Socfin estime que ces « éventuels problèmes » fonciers (la société ne les reconnaît pas officiellement) ont été réglés en 2012 grâce à ces offres d’indemnisation. Des villageois, pas toujours bien informés et pour la plupart analphabètes, ont en effet apposé leur empreinte digitale sur des documents. Mais très vite, des doléances se sont exprimées à nouveau. L’absence de délimitations précises des terres au Cambodge, et en particulier dans les terres bunongs, rend très complexe tout type de dédommagement. « Socfin a proposé des compensations sur la base des terrains qu’occupaient des fermiers au moment de la mesure des terres. Sauf que l’agriculture est itinérante. D’autres terres sont à ce moment-là en jachère et elles n’ont pas été comptabilisées », précise Neth Prak. Aujourd’hui, seuls 1 348 hectares sur les 7 000 ont été compensés. 

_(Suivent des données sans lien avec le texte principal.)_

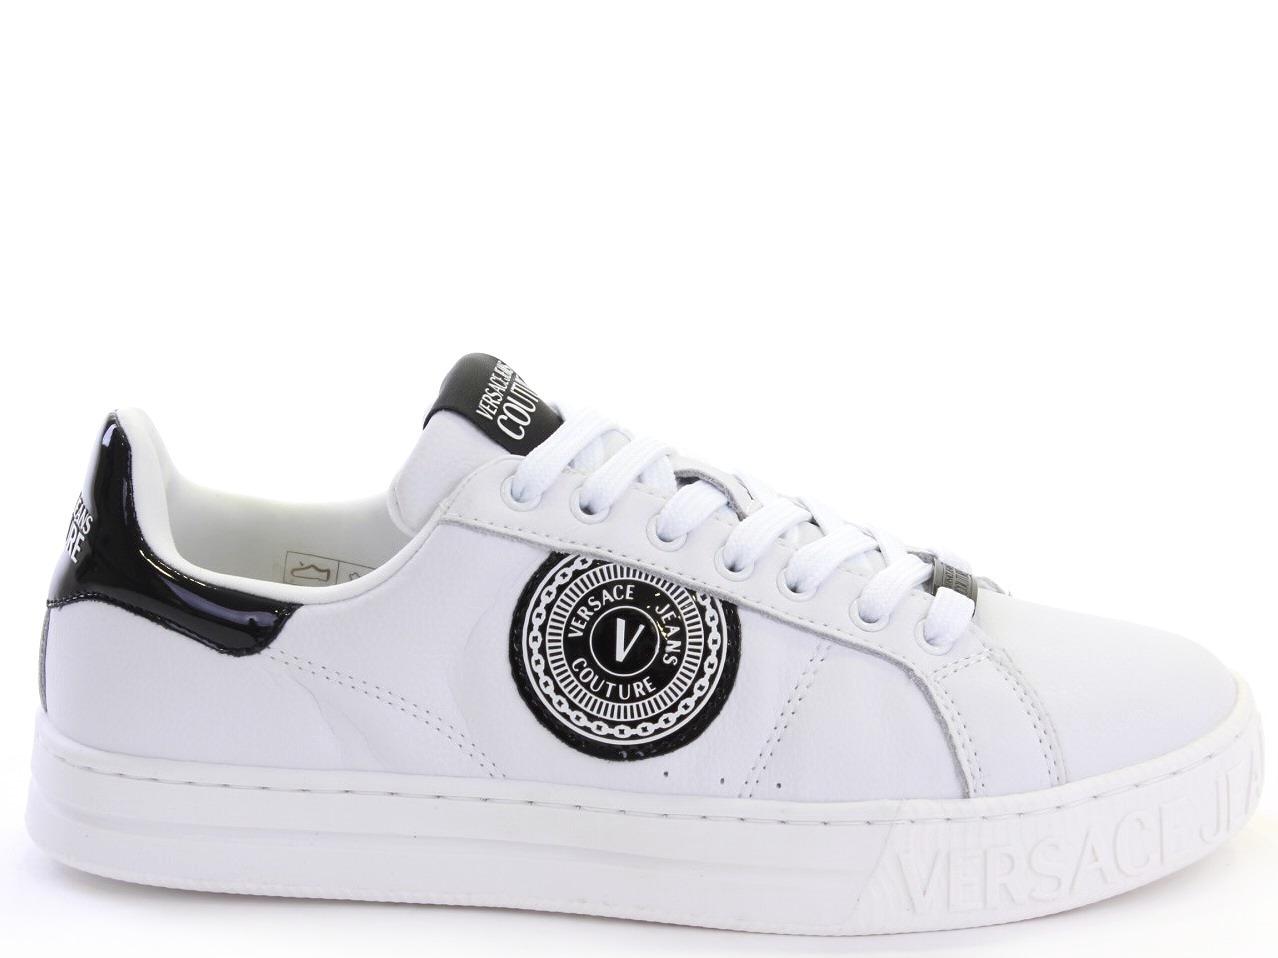 Sneakers, Espadrilles Versace Jeans - 652 71YA3SK1 ZP026

DES BULLDOZERS SUR DES TOMBES

« Pour nous, dès le départ, l’octroi de la concession à KCD, ne respectait pas le droit applicable. Selon la loi, il est nécessaire de rédiger une étude d’impact et cela n’a été fait qu’en 2010 », affirme Vann Sophath, de l’ONG Cambodian Center for Human Rights. À cette critique récurrente, Socfin répond, par e-mail, que « toutes les dispositions du droit cambodgien ont été respectées. Les études d’impact environnementales initiales avaient été réalisées à l’époque, mais le cadre légal était alors minimal ». Un ancien de Socfin nuance sérieusement le propos de son ex-entreprise : « Il y avait bien une étude, en 2006-2007, commanditée par KCD. L’étude faisait deux ou trois pages, elle était ridicule et ses rédacteurs n’étaient pas indépendants. Les études d’impact sont pourtant fondamentales et, à l’époque, on s’en foutait. Résultat, des forêts sacrées ont été rasées, on a fait passer les bulldozers sur des tombes. »

En 2009, des Bunongs se rebiffent et manifestent. Certains arrachent des plants d’hévéas, d’autres brûlent des pelleteuses. L’armée intervient pour protéger les concessions.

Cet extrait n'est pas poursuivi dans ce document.